This information is used when defining which node is connected to which (see Finite element mesh generation for more details), and when defining the sites at which the field degrees of freedom are calculated.
3.5.3. node position¶
The position (as a 3d vector) in space of a node.
3.6. Site¶
A Mesh has nodes, and each node is identified by its node id.
If we use first order basis functions in the finite element calculation, then a site is exactly the same as a node. In micromagnetism, we almost always use first order basis functions (because the requirement to resolve the exchange length forces us to have a very fine mesh, and usually the motivation of using higher order basis functions is to make the mesh coarser).
If we were to use second or higher order base functions, then we have more sites than nodes. In a second order basis function calculation, we identify sites by a tuple of node id.
3.7. SI object¶
We are using a special SI
object to express physical entities (see
also SI). Let us first clarify some terminology:
- physical entity
- A pair (a,b) where a is a number (for example 10) and b is a product of powers of dimensions (for example m^1s^-1) which we need to express a physical quantity (in this example 10 m/s).
- dimension
- SI dimensions: meters (m), seconds (s), Ampere (A), kilogram (kg), Kelvin (K), Mol (mol), candela (cd). These can be obtained using the units attribute of the SI object.
- SI-value
- for a given physical entity (a,b) where a is the numerical value and b are the SI dimensions, this is just the numerical value a (and can be obtained with the value attribute of the SI object).
- Simulation Units
- The dimensionless number that expressed an entity within the simulation core. This is irrelevant to the user, except in highly exotic situations.
There are several reasons for using SI objects:
- In the context of the micromagnetic simulations, the use of SI objects avoids ambiguity as the user has to specify the right dimensions and - where possible - the code will complain if these are unexpected units (such as in the definition of material parameters).
- The specification of units is more important when the micromagnetism is extended with other physical phenomena (moving towards multi-physics calculations) for which, in principle, the software cannot predict what units these will have.

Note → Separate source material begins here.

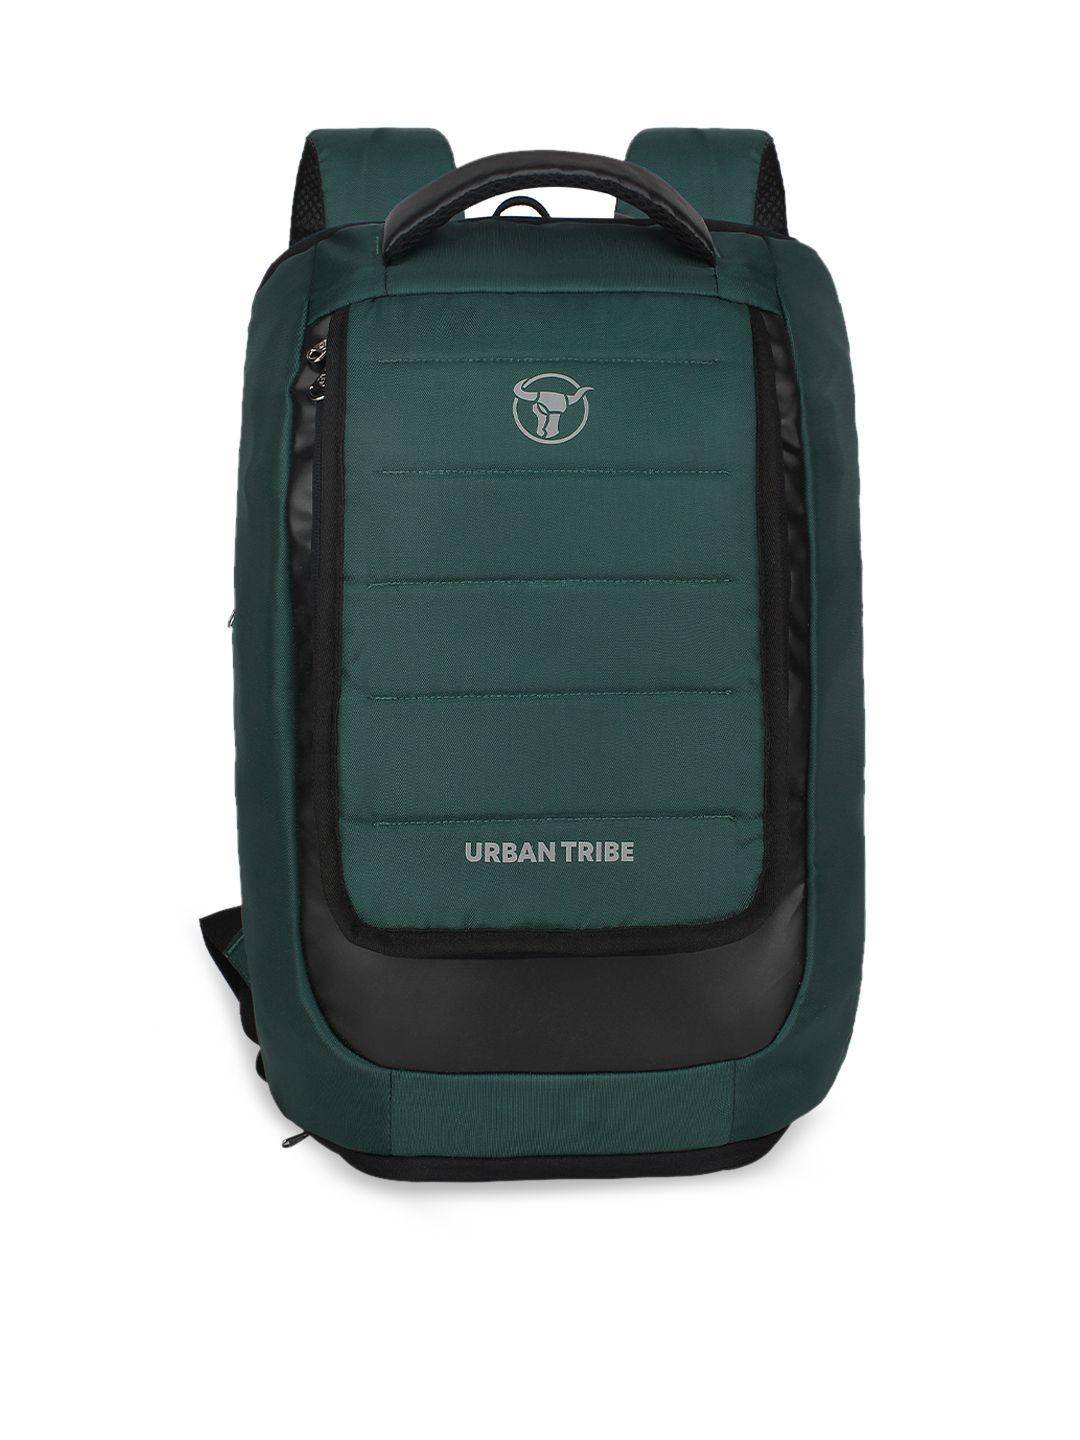 urban tribe unisex teal green & black backpack

- Some convenience in having a choice of how to specify, for example,
magnetic fields (i.e.
A/m
,T/mu0
,Oe
). See also comments in set_H_ext.
3.7.1. Library of useful si constants¶
The si
name space in |nmag| provides the following constants:
To express the magnetisation in A/m equivalent to the polaration of 1 Tesla, we could thus use:
from nmag import si
myM = 1.5*si.Tesla/si.mu0
The command reference for SI provides some more details on the behaviour of SI objects.
3.8. Terms¶
3.8.1. Stage, Step, iteration, time, etc.¶
We use the same terminology for hysteresis loops as `OOMMF`_ (stage, step, iteration, time) and extend this slightly:
step: | A step is the smallest possible change of the fields. This corresponds (usually) to carrying out a time integration of the system over a small amount of time dt. Step is an integer starting from 0. If we minimise energy (rather than computing the time development exactly), then a step may not necessarily refer to progressing the simulation through real time. |
---|---|
iteration: | Another term for Step (deprecated) |
stage: | An integer to identify all the calculations carried out at one (constant) applied magnetic field (as in `OOMMF`_). |
time: | The time that has been simulated (typically of the order of pico- or nanoseconds). |
id: | This is an integer (starting from 0) that uniquely identifies saved data. I. e. whenever data is saved, this number will increase by 1. It is available in the h5 data file and the Data files (.ndt) data files, and thus allows to match data in the ndt files with the corresponding (spatially resolved) field data in the h5 file. |
stage_step: | The number of steps since we have started the current stage. |
stage_time: | The amount of time that has been simulated since we started this stage. |
real_time: | The amount of real time the simulation has been running (this is the [wall] execution time) and therefore typically of the order of minutes to days. |
local_time: | A string (human readable) with the local time. Useful in data files to see when an entry was saved. |
unix_time: | The number of (non-leap) seconds since 1.1.1970 - this is the same information as local_time but represented in a more computer friendly way for computing differences. |
3.8.2. Some geek-talk deciphered¶
- |nmag| uses some object orientation in the high-level user interface
- presented here. There are a few special terms used in object orientation that may not be familiar and of which we attempt to give a very brief description:
method: | A method is just a function that is associated to an object. |
---|
3.9. Solvers and tolerance settings¶
There are a number of linear algebra solvers and one solver for ordinary differential equations (ODEs) in |nmag|:
two solvers for the calculation of the demagnetisation field. Default values can be modified when creating the Simulation object (this user interface is not final – if you really feel you would like to change the defaults, please contact the nmag team so we can take your requirements into account in the next release).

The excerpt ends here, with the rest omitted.